Once you have indexed these triples, you can query them in all the same ways you can query unmanaged triples; with SPARQL, with xdmp.sparql(), with combination queries, with the new Optic API, and with cts:triple-range-query. For more about working with these triples, see Unmanaged Triples. For a more complete discussion of creating and using templates, see Template Driven Extraction (TDE) in the Application Developer's Guide.

This chapter covers the following topics:

Creating a Template

Here is an example of a simple template to identify triples. It includes a definition for a namespace and context for the template. It contains descriptions for the subject, object, predicate of the triples, and data mappings for the values:

<template xmlns="http://marklogic.com/xdmp/tde">
  <context>/article/topic</context>
    <vars>
      <var>
        <name>EX</name>
        <val>"http://example.org/ex#"</val>
      </var>
    </vars>
    <triples>
     <triple>
      <subject>
        <val>sem:iri( $EX || who )</val>
      </subject>
      <predicate>
        <val>sem:iri( $EX || what )</val>
      </predicate>
      <object>
        <val>xs:string( $EX || where )</val>
      </object>
    </triple>
   </triples>
  </template>

For triples, the subject and predicate descriptions must have a value of sem:iri. Here the template incorporates using vars as a short-hand, to save typing when you specify IRIs. When creating templates to identify triples, you can specify the types of values that you extract using a subset of XQuery language expressions. See Template Dialect and Data Transformation Functions in the Application Developer's Guide for more information.

Triples identified using templates cannot be modified directly or modified as triples (for example, using SPARQL Update). You can disable and then delete a template so that the triples no longer exist, or you can modify the underlying document data to modify the triple.

Security for templates can be controlled by setting protected collections. See Security on TDE Documents in the Application Developer's Guide.

Template Elements

A template contains the following elements and their child elements:

Element Description
context
The lookup node that is used for template activation and data extraction. See Context in the Application Developer's Guide for more details.
description
Optional description of the template.
collections
  collection
  collections-and
    collection

Optional collection scopes.

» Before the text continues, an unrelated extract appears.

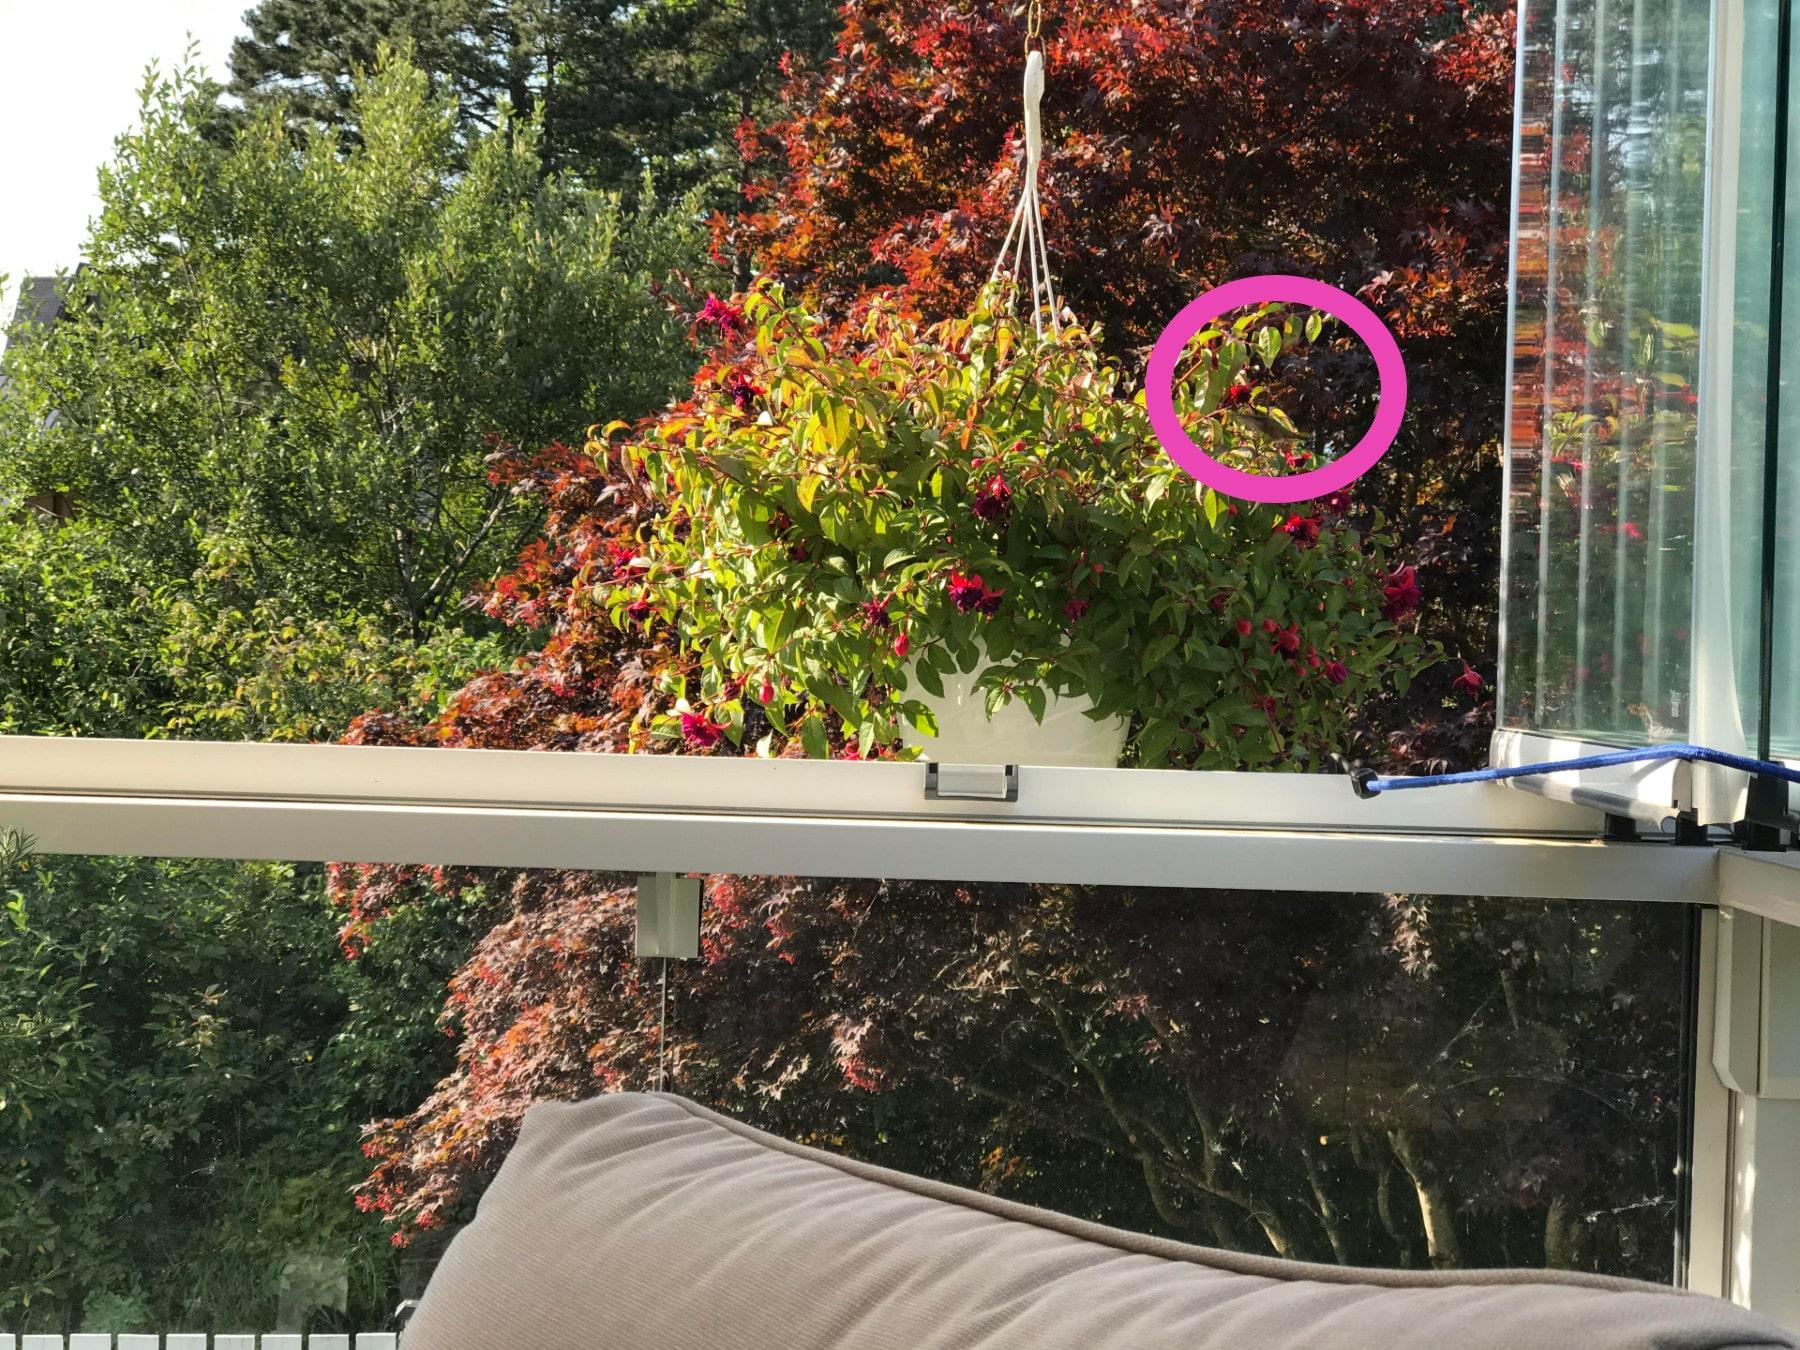 colibrí, reto viral, jardín, acertijo

Multiple collection scopes can be ORed or ANDed.

A <collections> section is a top level OR of a sequence of:

  • <collection> that scope the template to a specific collection.
  • <collections-and> that contains a sequence of <collection> that are ANDed together.

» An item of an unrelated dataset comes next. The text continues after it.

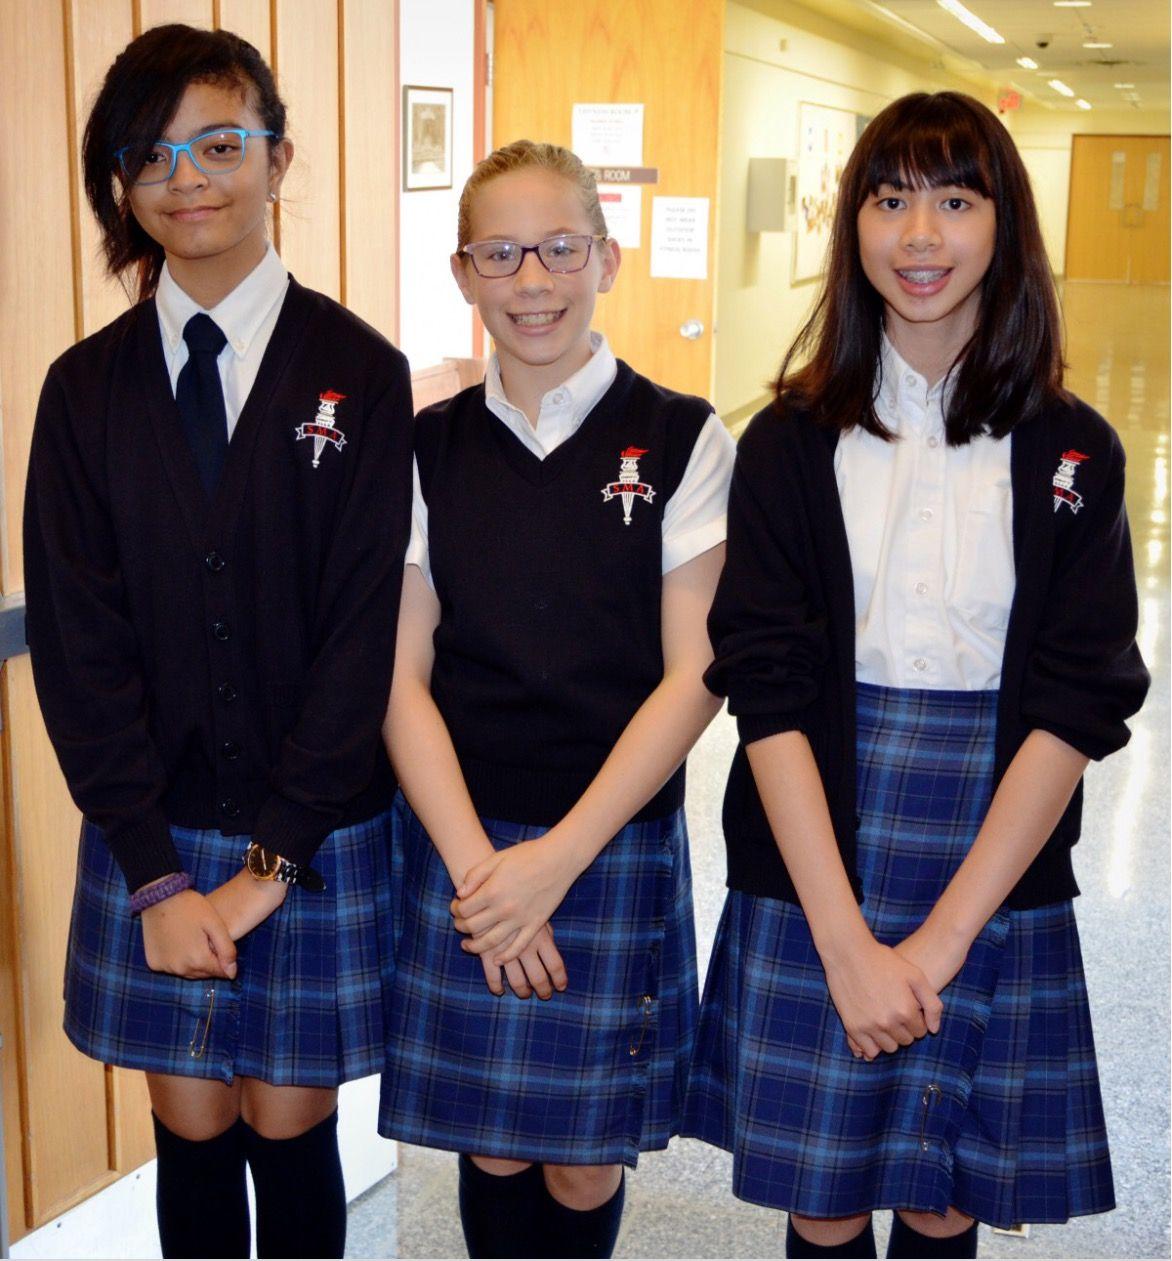 Pin by dawn on school girls pinterest girls

See Collections in the Application Developer's Guide for more details.

directories
  directory
Optional directory scopes. Multiple directory scopes are ORed together.
vars
  var

Optional intermediate variables extracted at the current context level.

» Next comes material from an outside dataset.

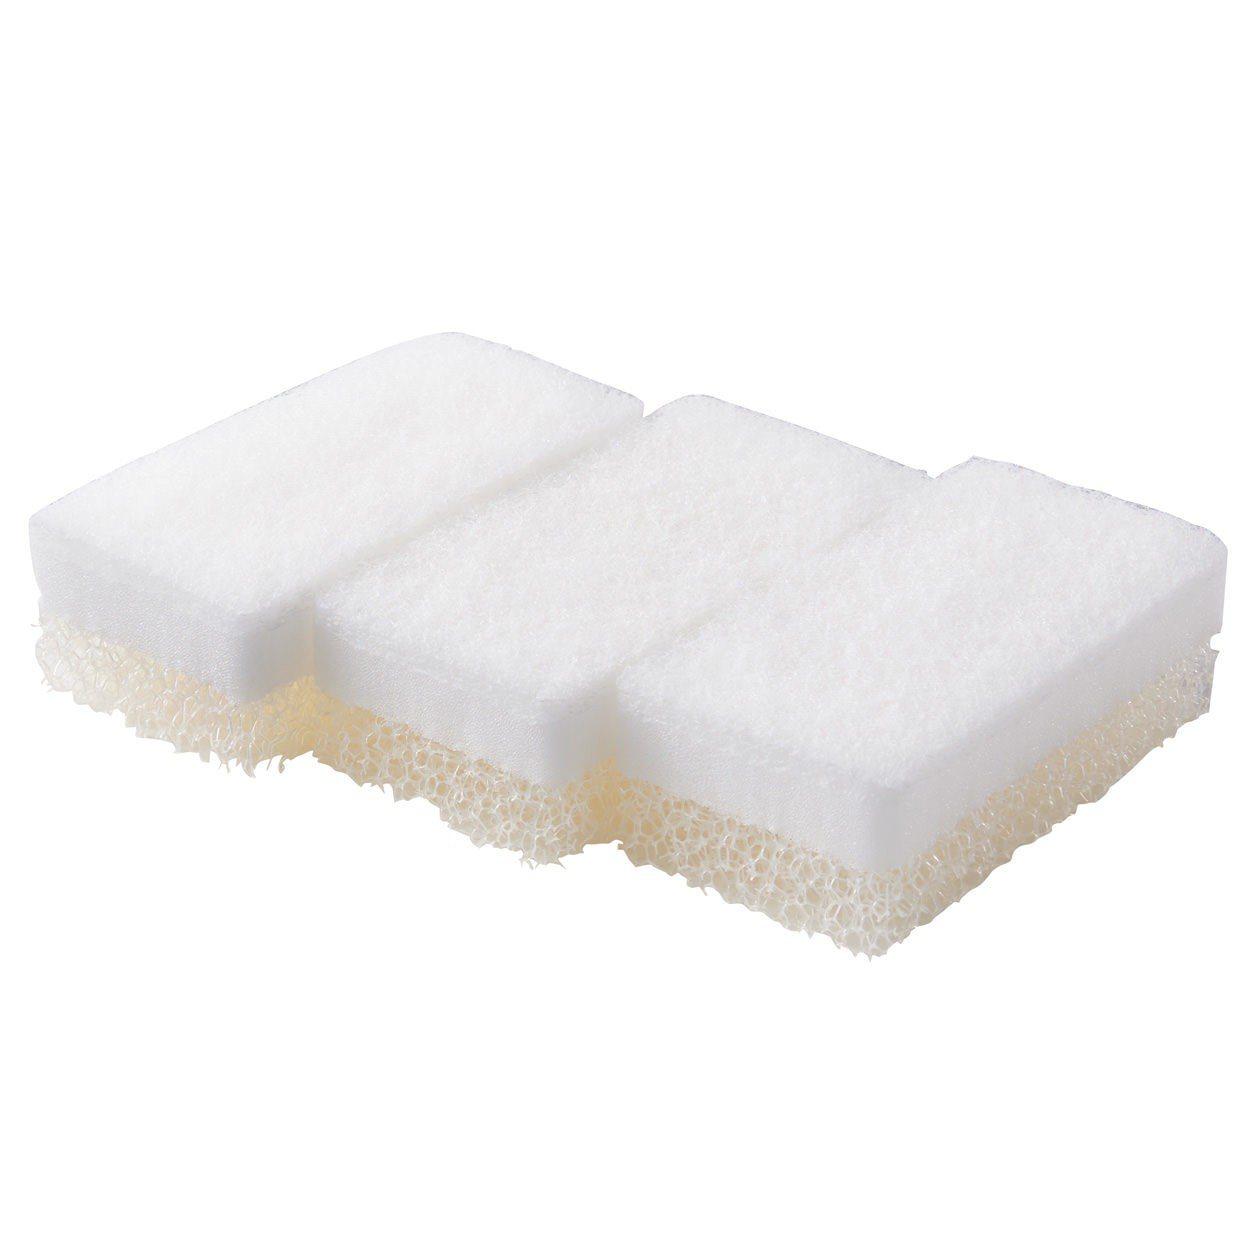 MUJI無印良品聚氨酯三層海綿3入,從原價160元調降為129元。圖/無印良品提...

This element can be used as a short hand for IRIs (prefixes) in triples. See Variables in the Application Developer's Guide for more details.

triples
  triple
    subject
      val
      invalid-values
    predicate
      val
      invalid-values
    object
      val
      invalid-values

These elements are used for triple-extraction templates.

triples contains a sequence of triple extraction descriptions. Each triple description defines the data mapping for the subject, predicate and object.

An extracted triples graph cannot be specified through the template. The graph is implicitly defined by the document's collection similar to embedded triples.

templates
  template
Optional sequence of sub-templates. For details, see Creating Views from Multiple Templates and Creating Views from Nested Templates in the SQL Data Modeling Guide.
path-namespaces
  path-namespace
Optional sequence of namespace bindings. See path-namespaces in the Application Developer's Guide for more details.
enabled
A boolean that specifies whether the template is enabled (true) or disabled (false). The default value is true.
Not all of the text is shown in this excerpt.